Alcuni dei regolamenti, anche quando presenti e con la presenza di sanzioni, sono comunque troppo vaghi: “Abbiamo classificato la normativa di altre regioni italiane (Abruzzo, Emilia-Romagna, Lombardia, Veneto e Puglia) come soddisfacenti ma non ottimali, in quanto prevedono deroghe abbastanza ampie, dettate da “motivi di sicurezza”, che possono ostacolarne un’efficace attuazione o compromettere il benessere degli animali. Fra queste, la legge della Lombardia definisce meglio le eccezioni legate all’effettuazione di cure veterinarie, in quanto prevede che ne siano specificate sia la durata sia la diagnosi. Queste normative sono facilmente perfezionabili”, si legge ancora sul report.

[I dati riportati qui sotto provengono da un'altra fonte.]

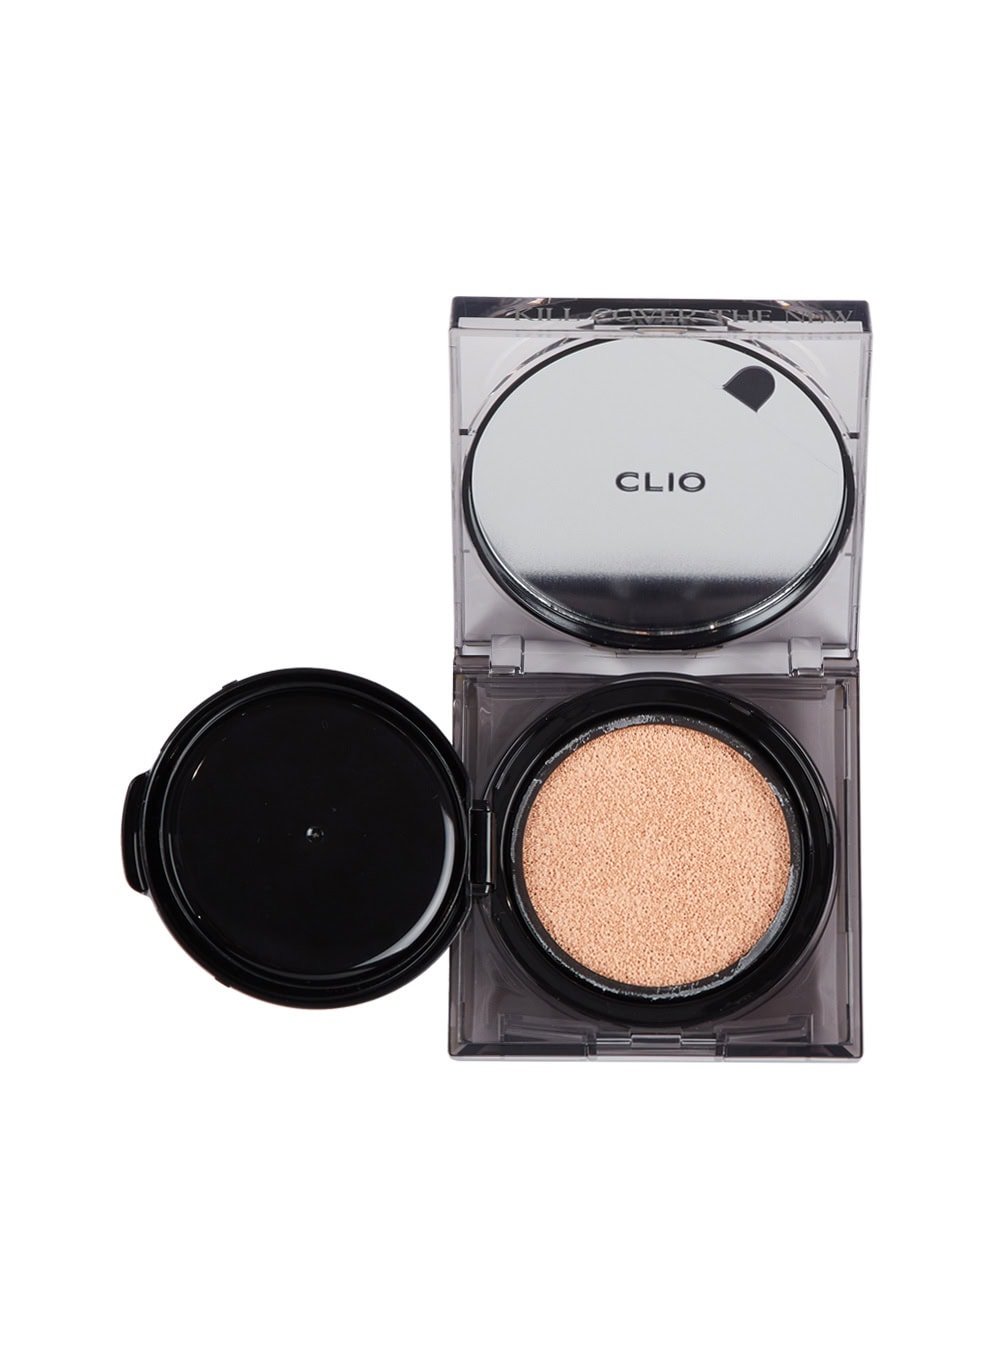 [Clio] Kill Cover The New Foundwear Cushion (15g*2) - 2 LINGERIE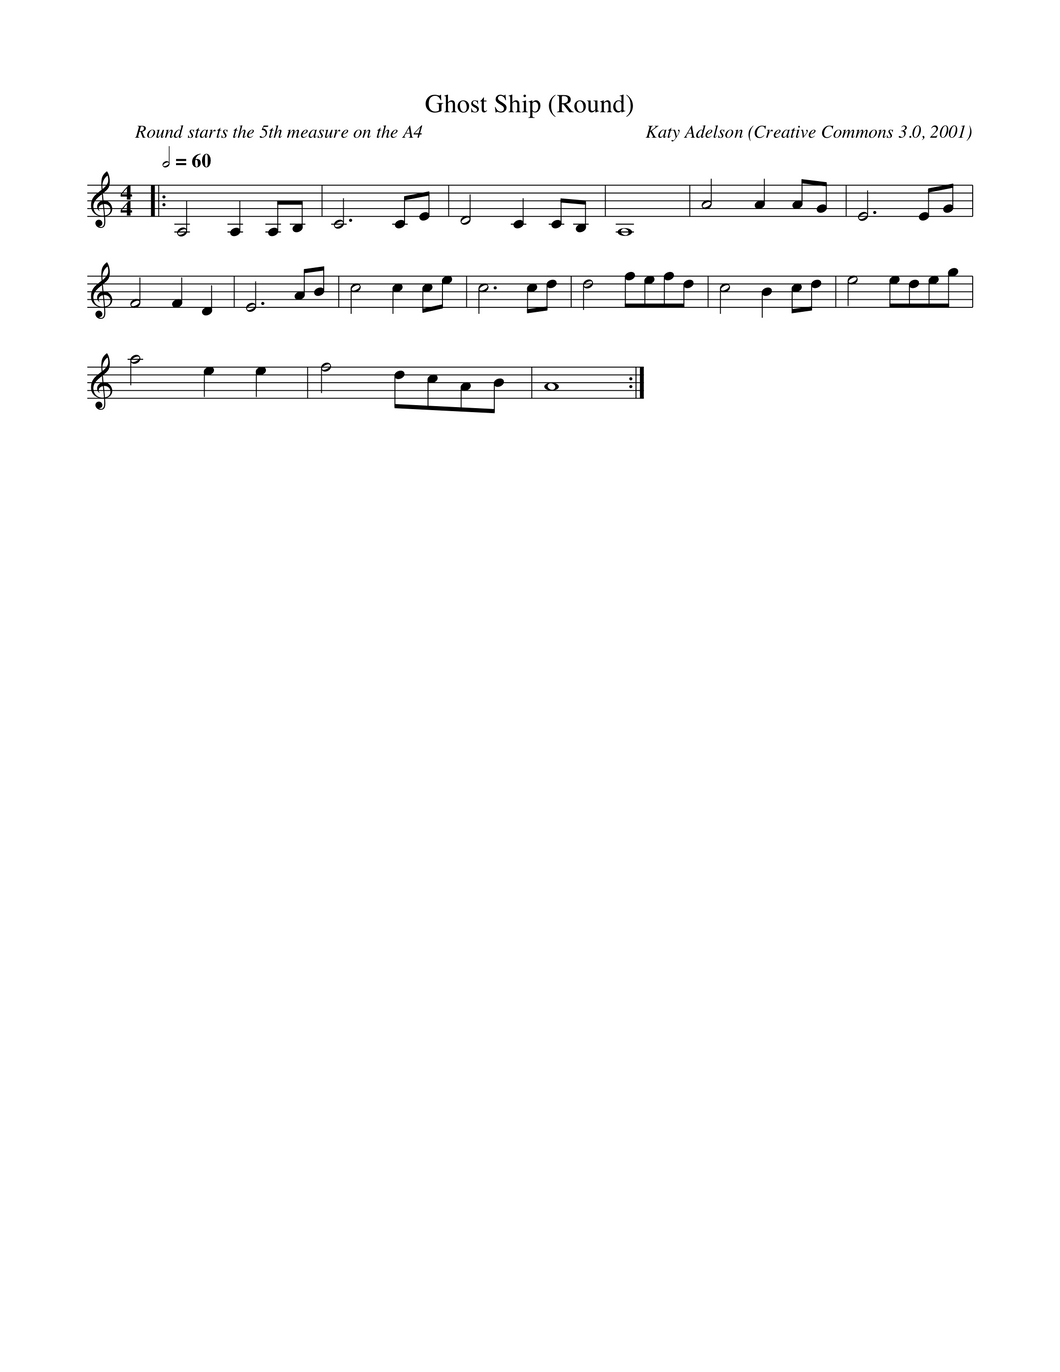 Ghost Ship (Round) Violin Sheet Music by Katy Adelson

Tenere un cane a catena lede il suo benessere e soprattutto lo fa soffrire:
“Il cane mantenuto a lungo alla catena è un essere che soffre, che soffre molto perché ne sono violati alcuni principi base delle sue regolazioni etologiche naturali: ma soprattutto è un individuo che catapulterà sfrenate energie ad usum di chi lo ha così crudelmente sottoposto a una raffinata e storicamente consolidata tortura”, scrive nel rapporto l’etologo Prof. Enrico Alleva.
Come si può pensare di imporre questa sofferenza a qualcuno che si dice di amare?